# For sale section...Should replies be aloud?



## Jackson (Dec 22, 2005)

Just a thought...move this thread but only If Necessary...

I mean its frustrating sometimes that i cant ask the size of an ooth or other questions....i know i can just PM/email the seller but i bet the seller would get annoyed answering the same Q's over and over.

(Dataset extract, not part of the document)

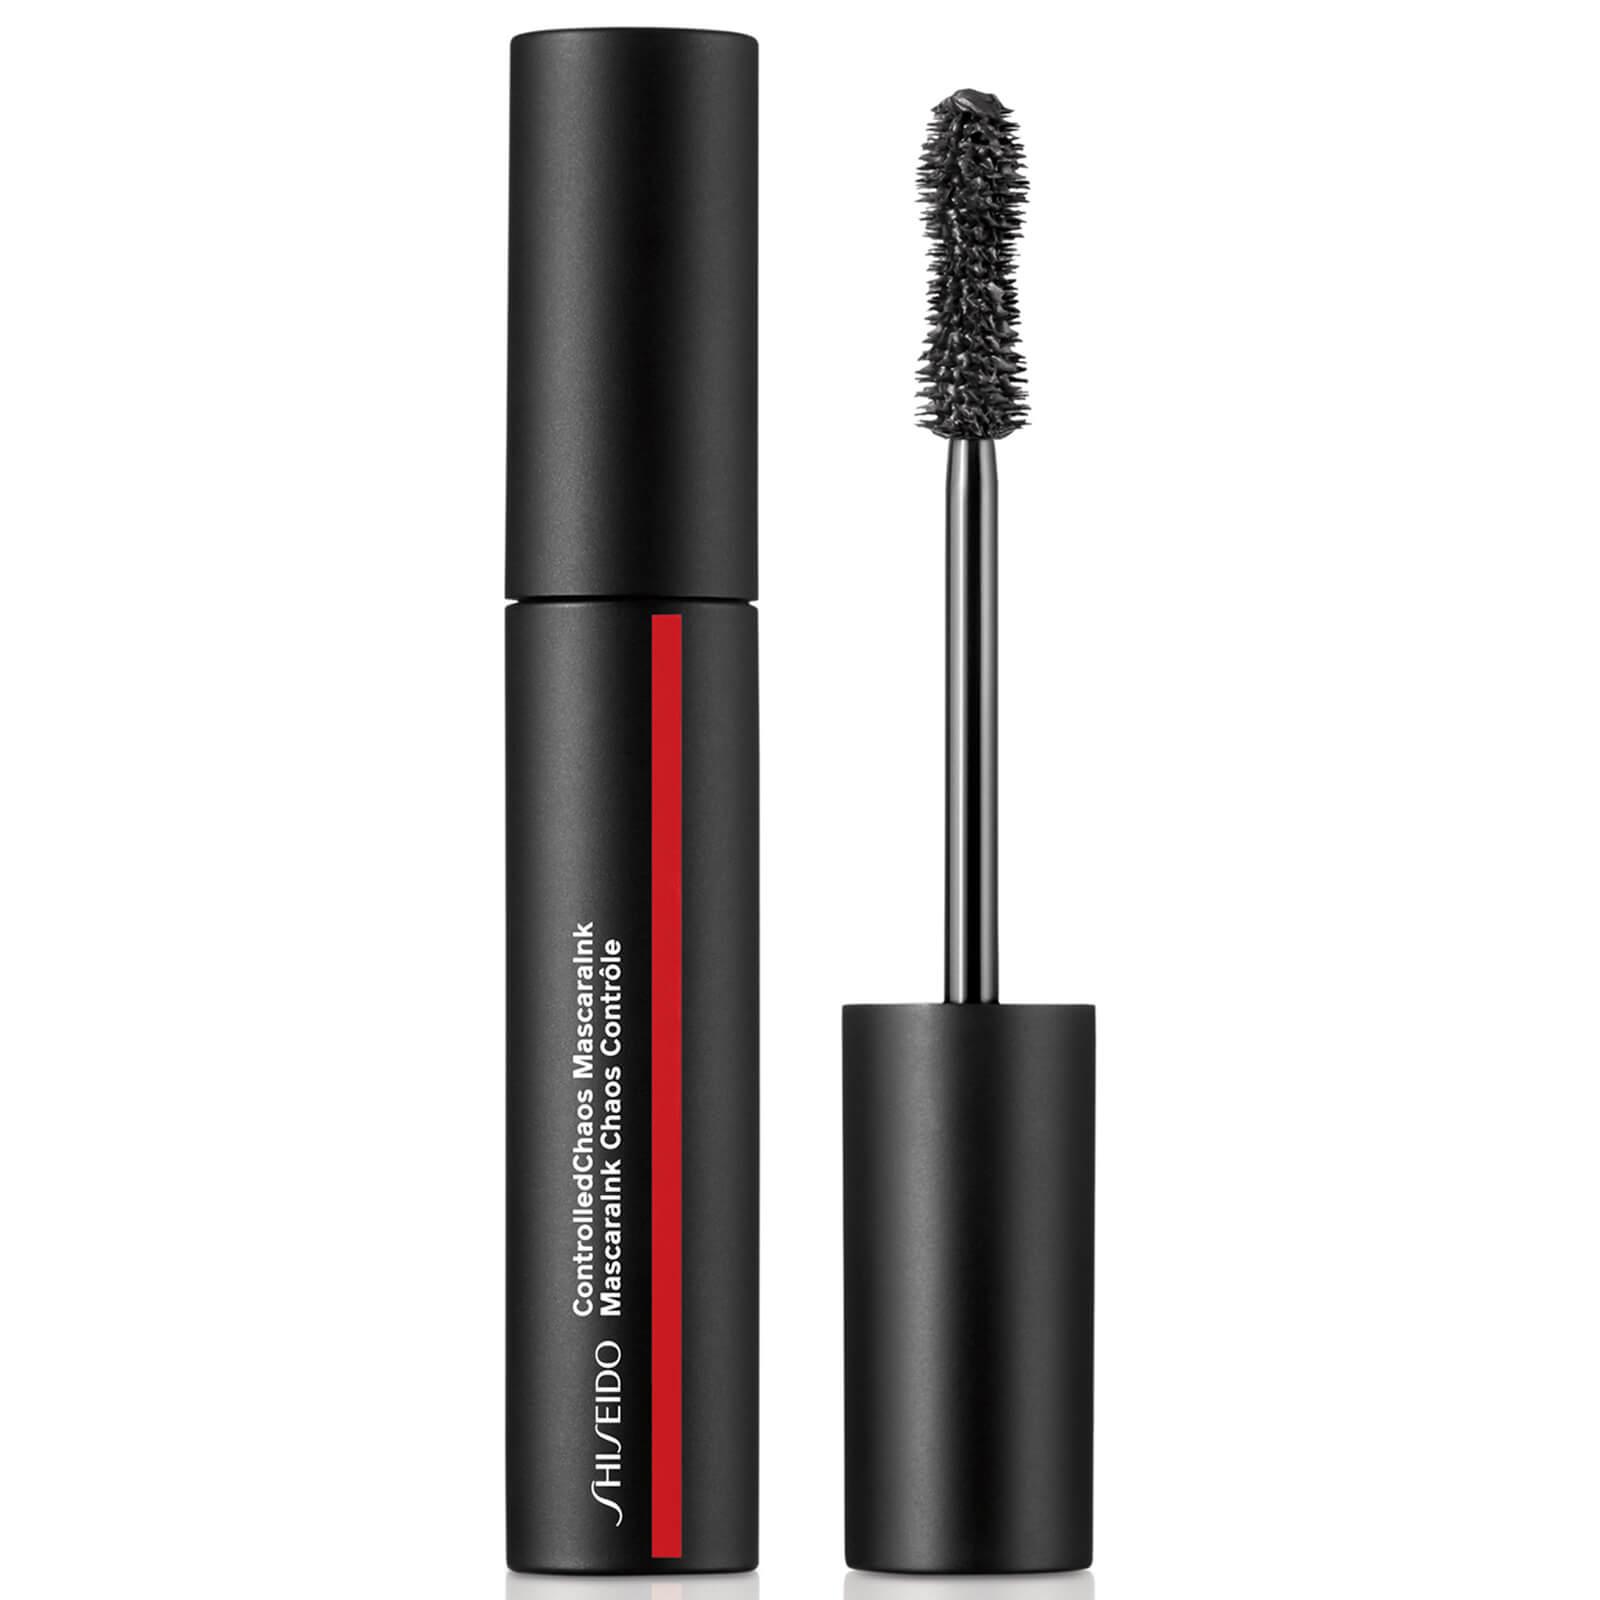 Shiseido Controlled Mascara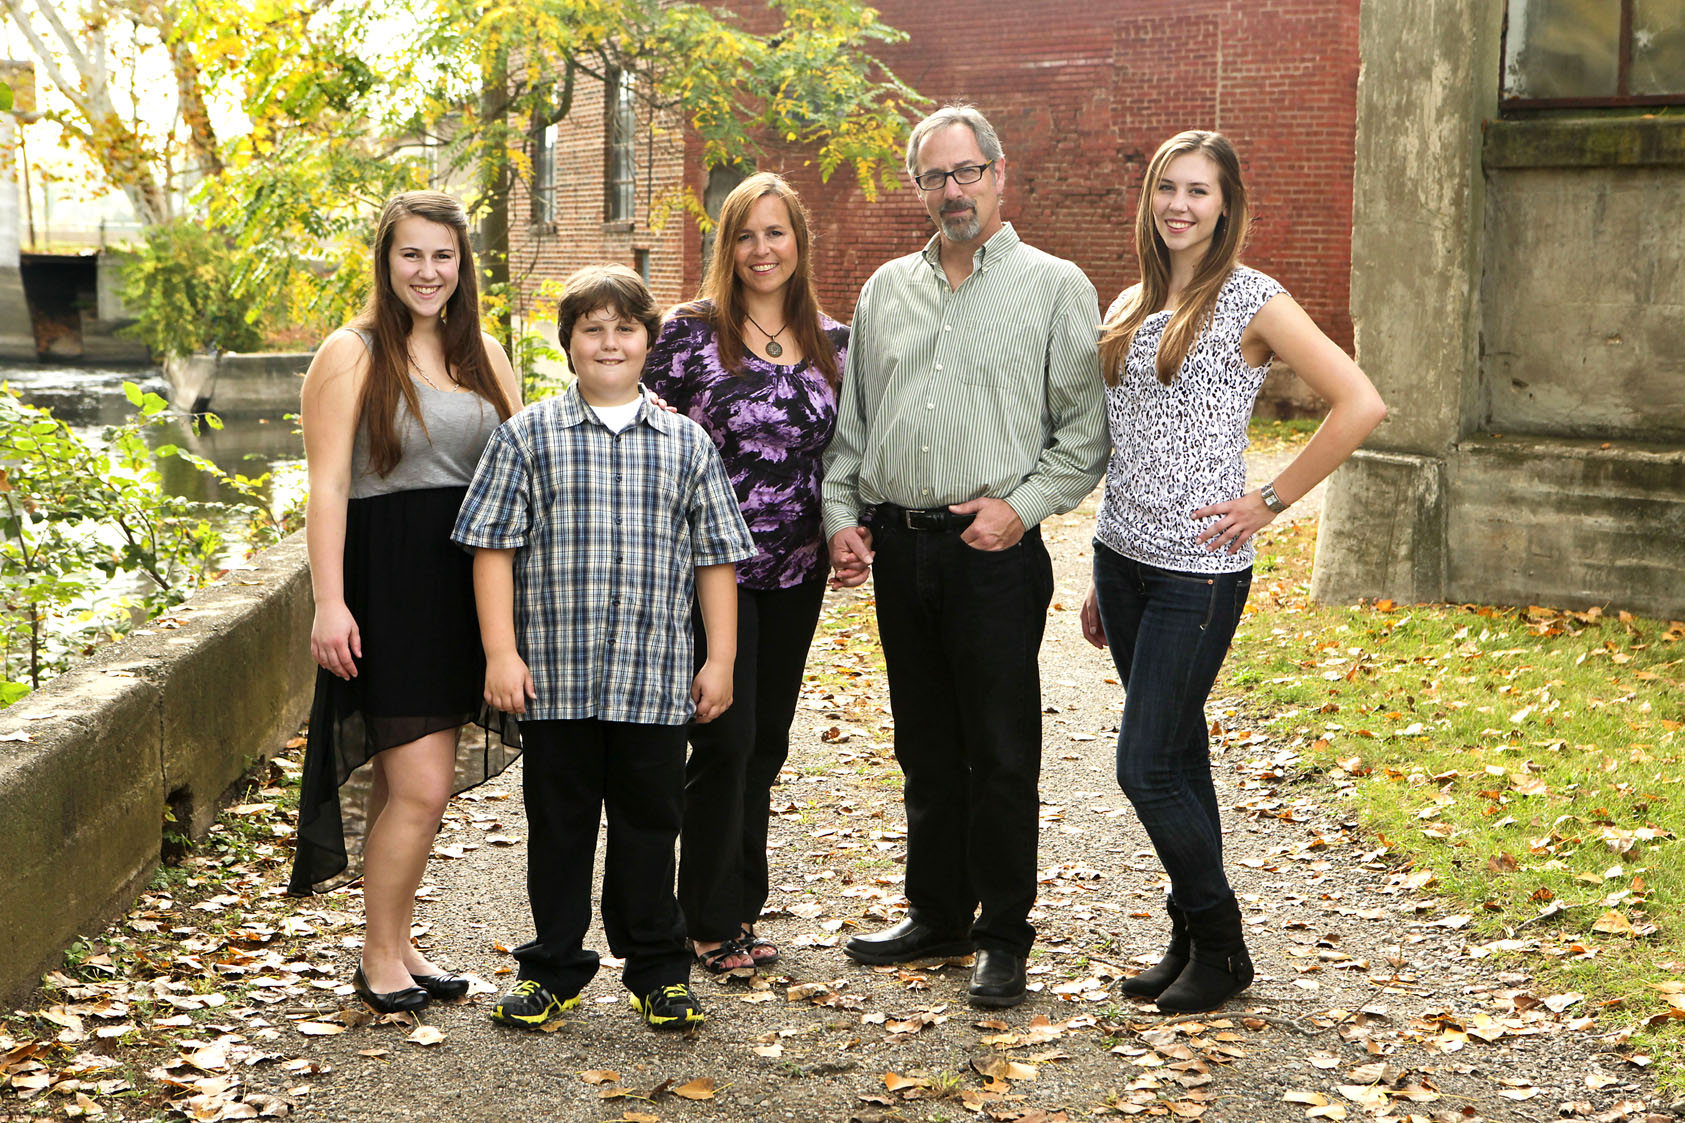 outdoorfamilyphotographernaturallightphotographersfamilyportraits.jpg

This isnt a stab at the forum set up....just curious as to how others feel on this subject.


----------



## hortus (Dec 22, 2005)

ehh if they want that money they might as well answer some questions. heck if your paying enuff money you should annoy them anyway just so you dont feel ripped off


----------



## Samzo (Dec 22, 2005)

lol once again people vote for the "liberal" and "conservative"


----------



## Andrew (Dec 22, 2005)

I dont think they should be allowed. If you want to ask them something, send em a PM or email. Its not that difficult.


----------



## Rick (Dec 22, 2005)

I think they should and it is one thing I would change if I owned this site. All other sites I visit allow it.


----------



## Executor of Fruit Flies (Dec 24, 2005)

Yes, they should be allowed. Then sellers can give updates on what's sold out/still available. Also, so those curious on prices can actually get answers without emailing, like it says so in the forum rules that very few people follow in the classified ads.


----------



## Ian (Dec 25, 2005)

Yeah, it should be allowed...although, maybe its not allowed so it does not turn into a discussion? I mean, they are classifieds, not discussion forums...

Might help to be able to post a few q's tho. I'm kinda for and against.

Cheers,

Ian


----------



## Gecko Assassins (Dec 25, 2005)

> Yes, they should be allowed. Then sellers can give updates on what's sold out/still available. Also, so those curious on prices can actually get answers without emailing, like it says so in the forum rules that very few people follow in the classified ads.


I agree with you. That way people don't have to keep making new topics just saying something for example "All Lobster roaches are sold out". They can just edit the post anytime instead of wasting time of making a new topic.


----------